• FnL

    • Pubmed Faceoff

      Monday, 09 Jun 2008 - 15:46 UTC

      I find the science of face perception fascinating. The human brain is highly tuned to identify, process and interpet faces – understandable, as they play a tremendously important role in our social interactions. It’s a hardwired proficiency that kicks in early and if anything works too well (Toast. Ebay. $28k. Say no more).

      Chernoff Faces are a visualization technique developed in the 70s to take advantage of our innate ability to detect small differences in the size, shape and expressions of human faces. The idea is to take a dataset and then map each dimension to a different facial feature, be it the slant of the eyebrows, size of the nose or the chubbiness of cheek (Herman Chernoff, who came up with the idea, suggested ten different possibilities).

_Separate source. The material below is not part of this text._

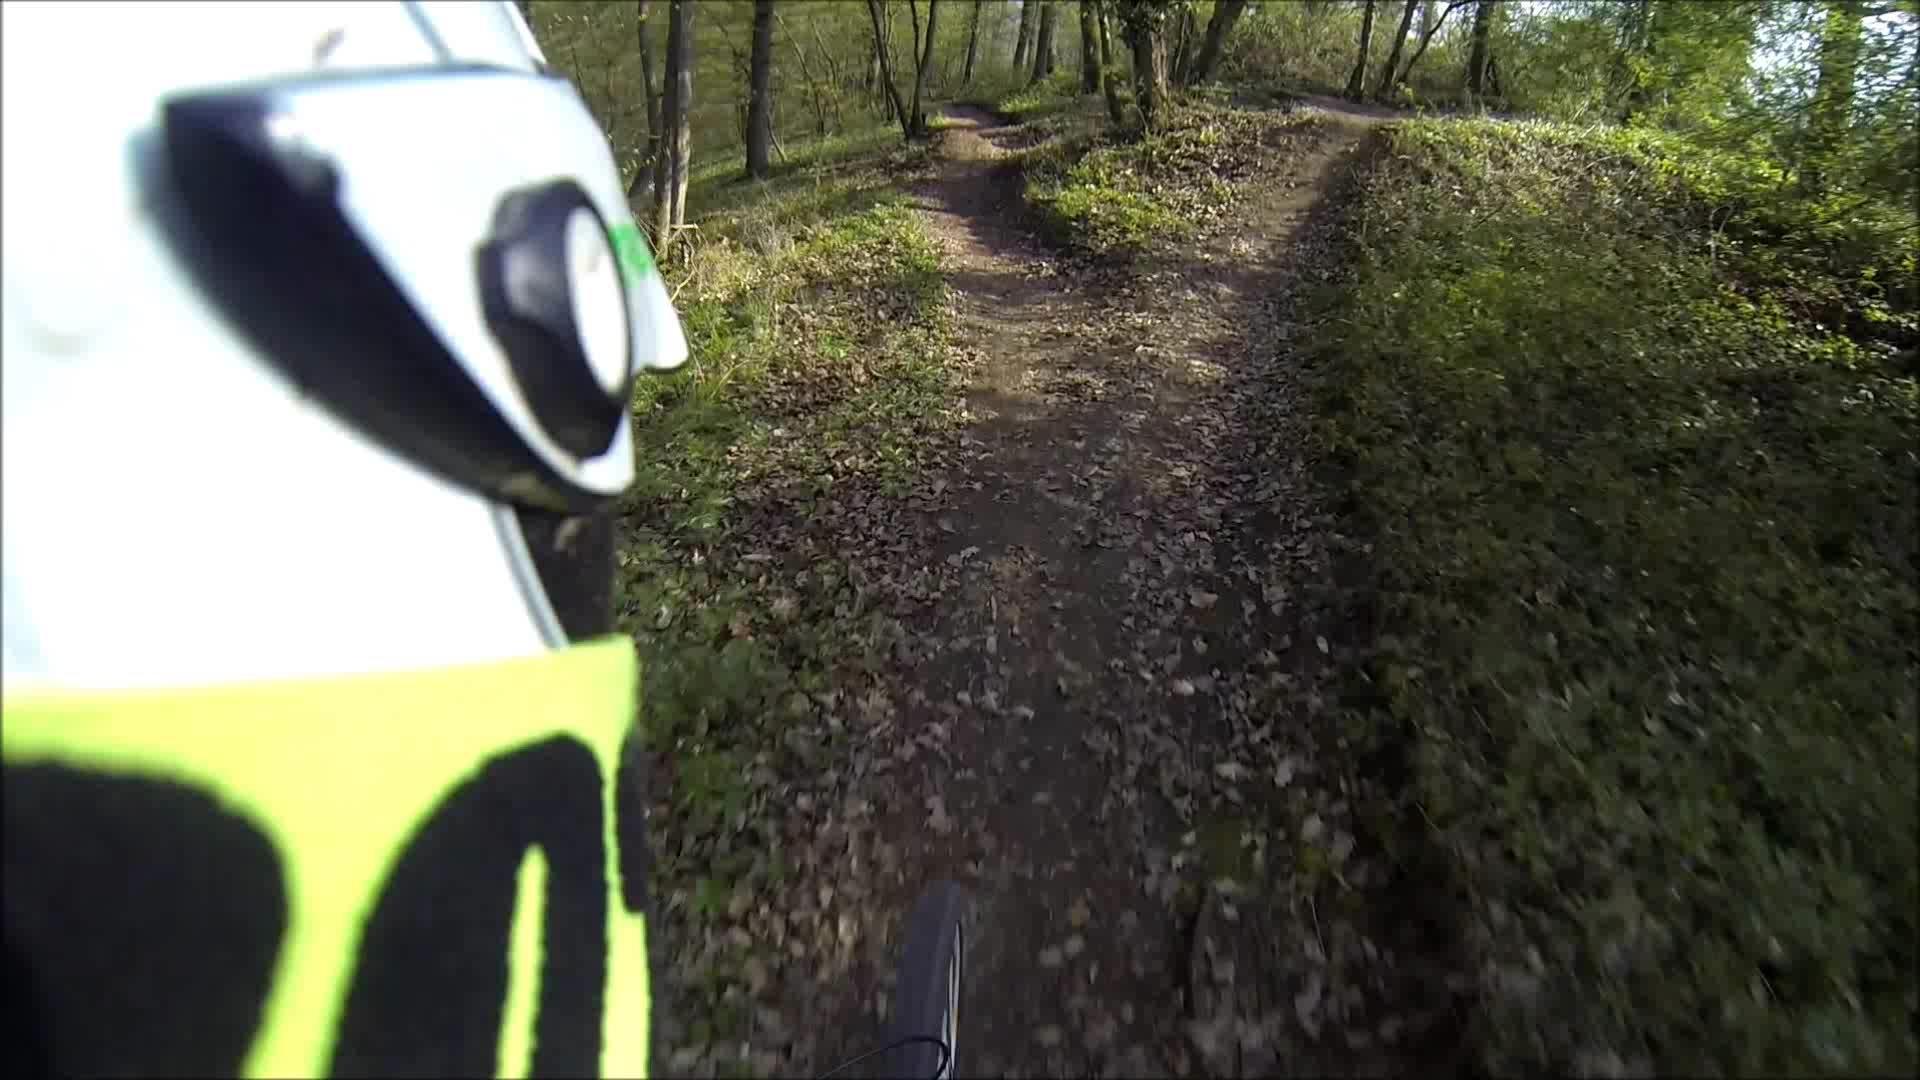 Bikepark-Boppard Raceline!

      It’s an appealing concept. Sadly Chernoff Faces never really took off, possibly because existing implementations don’t produce anything that looks like a face. You’d have a hard time finding anybody who prefers the faces produced by R to the data table they were derived from.

      Computer graphics have moved on a bit from 2D lines and circles, though. Photorealistic 3D facial models are de rigeur nowadays in everything from Second Life to video games. What if we took the technology from there and applied it to Chernoff Faces?

      I gave it a go. Check out Pubmed Faceoff (and be gentle – it hooks into other webservices and can be quite slow).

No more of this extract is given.